Methods for simulations with thousands of interacting objects to model mass transport in the brain

Clearance of toxic species that may cause neurodegenerative diseases relies on convection and diffusion of mass around cells in the central nervous system. In this manuscript, methods that allow the nanoscale modeling of mass transport around cells in the brain at a resolution of 8 nm are described. The cells are modeled as surface meshes and a parallelization scheme is used to solve the diffusion equation directly on the surface mesh of each biological cell independently. This is followed by mass exchange between biological cells that are in direct contact. The analysis volume size is fixed at 4 μm x 4 μm x 4 μm but arrays of analysis volumes of arbitrary size may be analyzed, with fluxes across analysis volume boundaries updated at each time step by a semi-implicit formulation. Setup of the discretized equations is described, along with the ‘face matching’ that allows mass transfer between cells. Parallelization is via a manager/worker framework.

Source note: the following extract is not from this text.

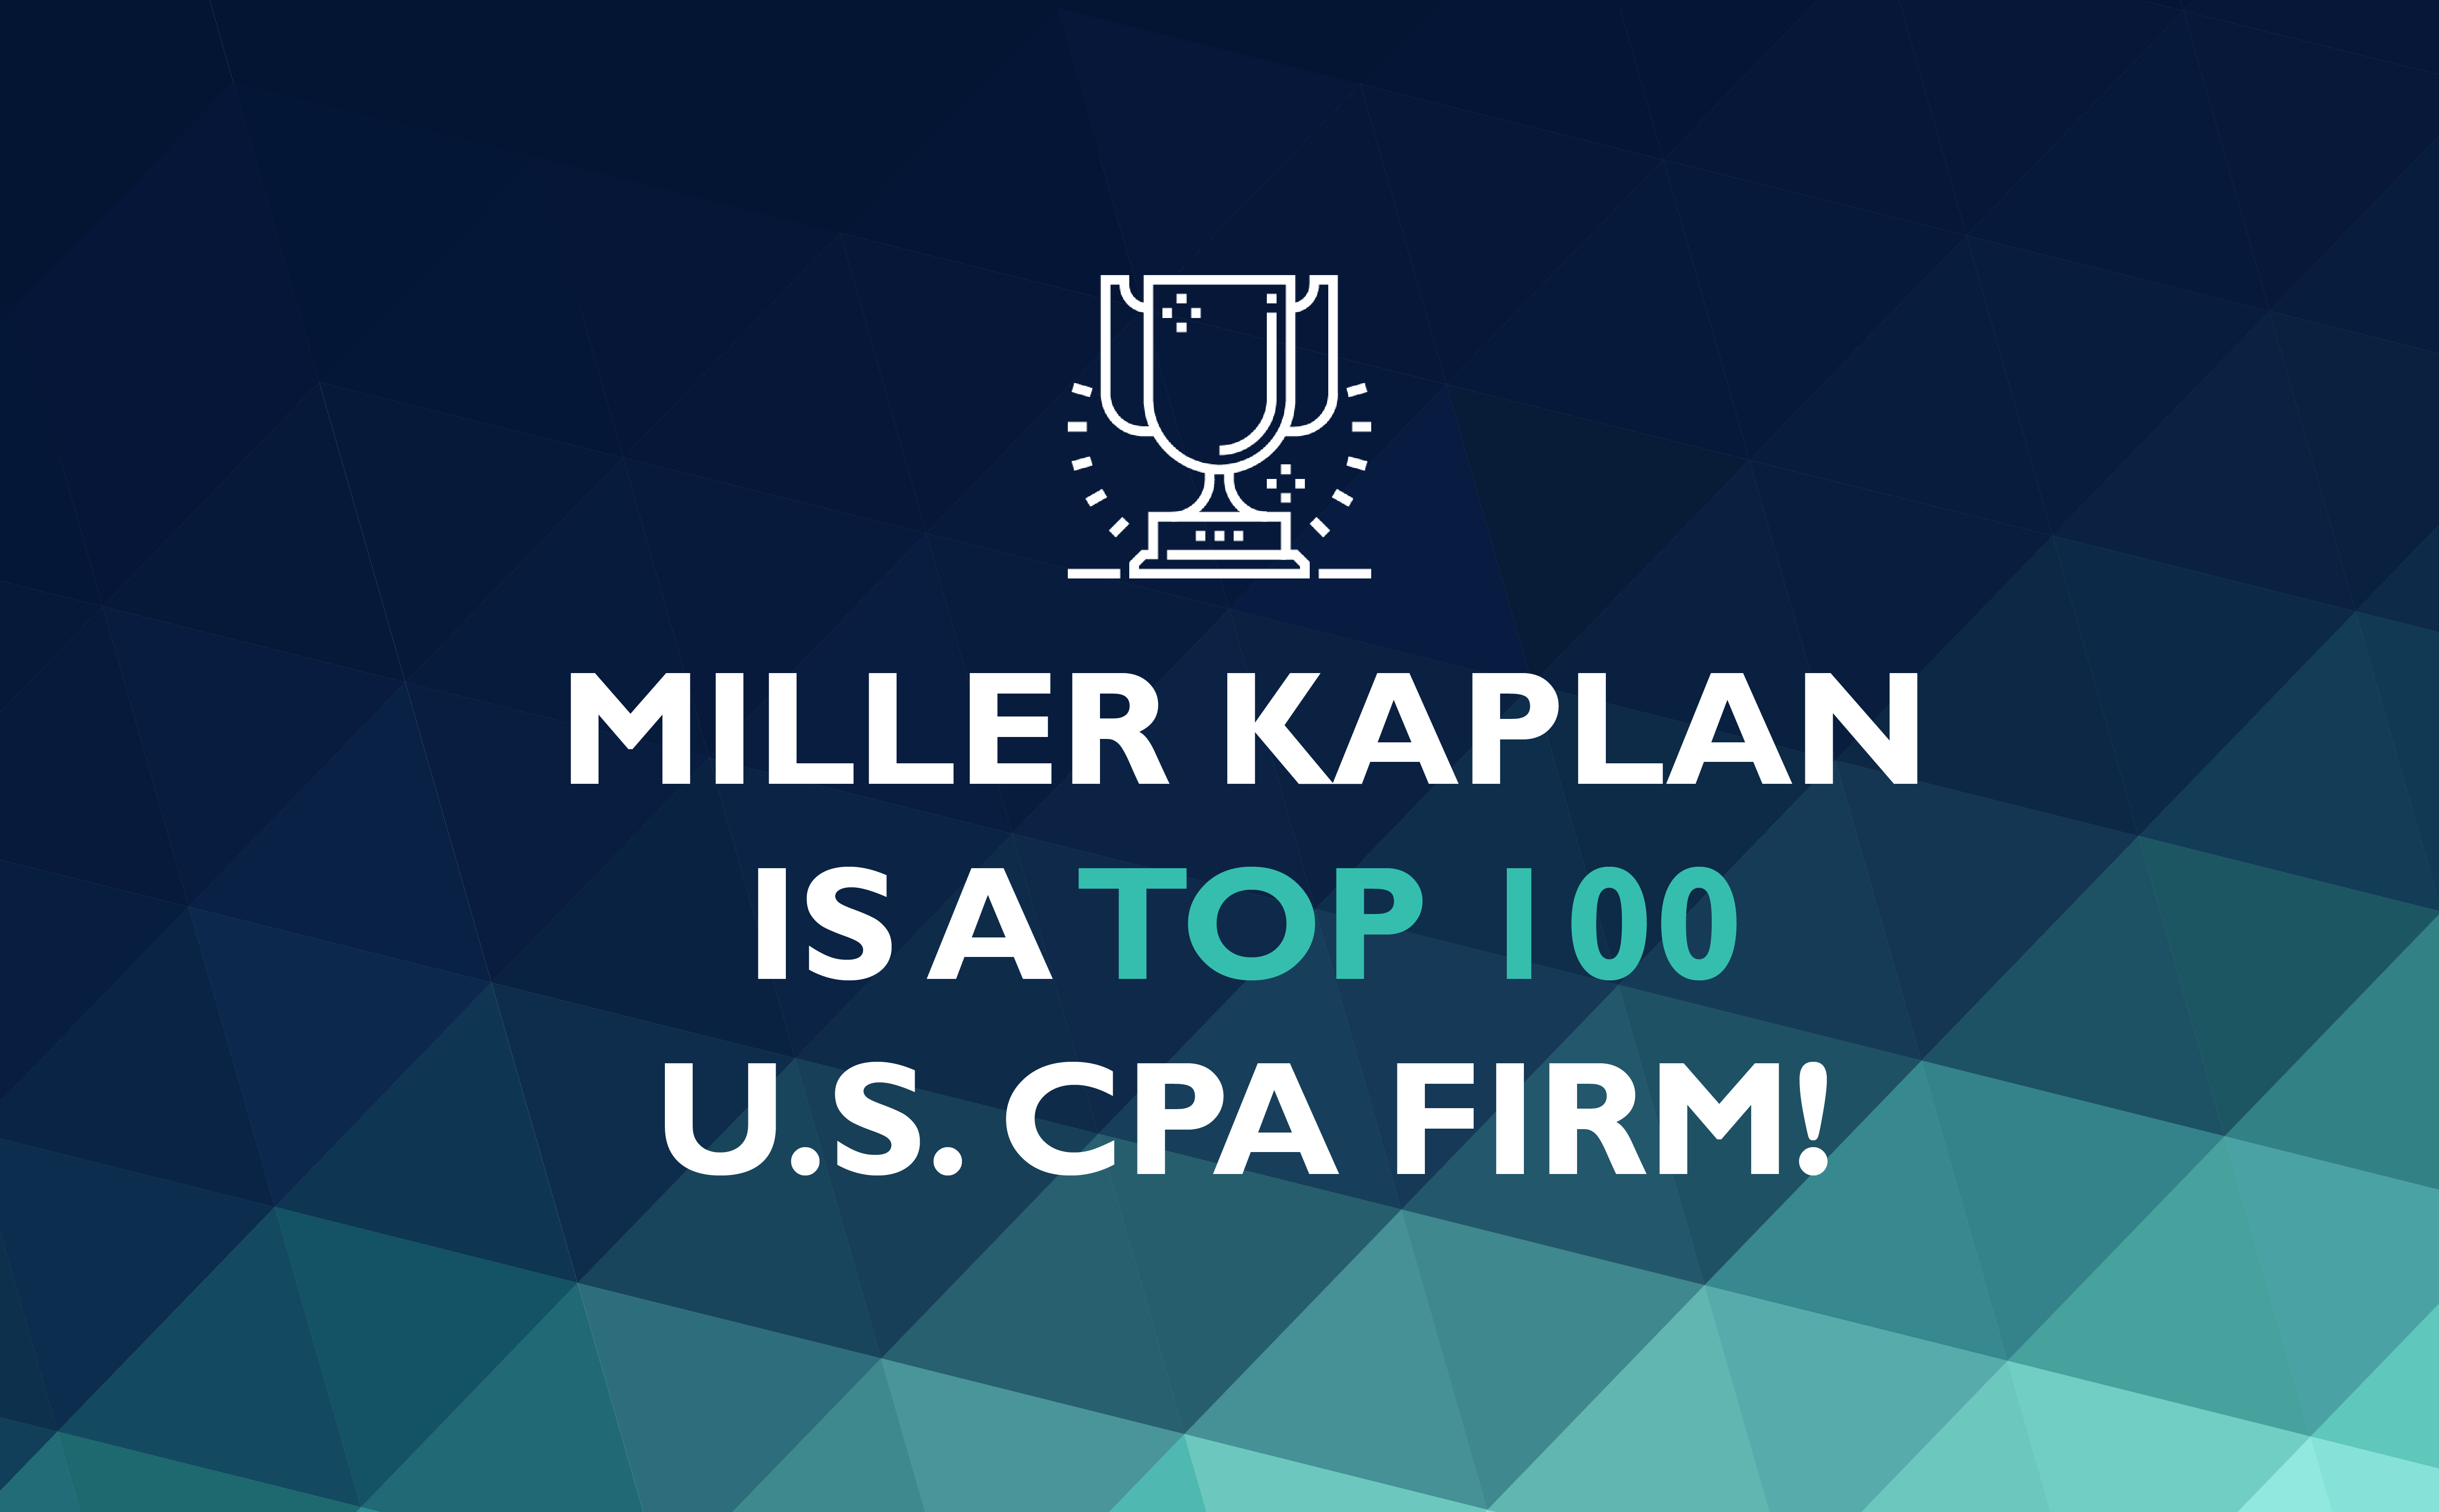 Miller Kaplan Named Top 100 Firm | Accounting Today

One-sided RMA communication in MPI is used to coordinate the efforts of multiple workers, with common information handled by the manager. This specialized framework is suitable for analyzing diffusional transport around thousands of interacting objects simultaneously. The framework is implemented with custom code developed in Julia, which is used here as a rapid prototyping language. Using model geometries, the accuracy of the discretization methods are demonstrated, with limitations and next steps described.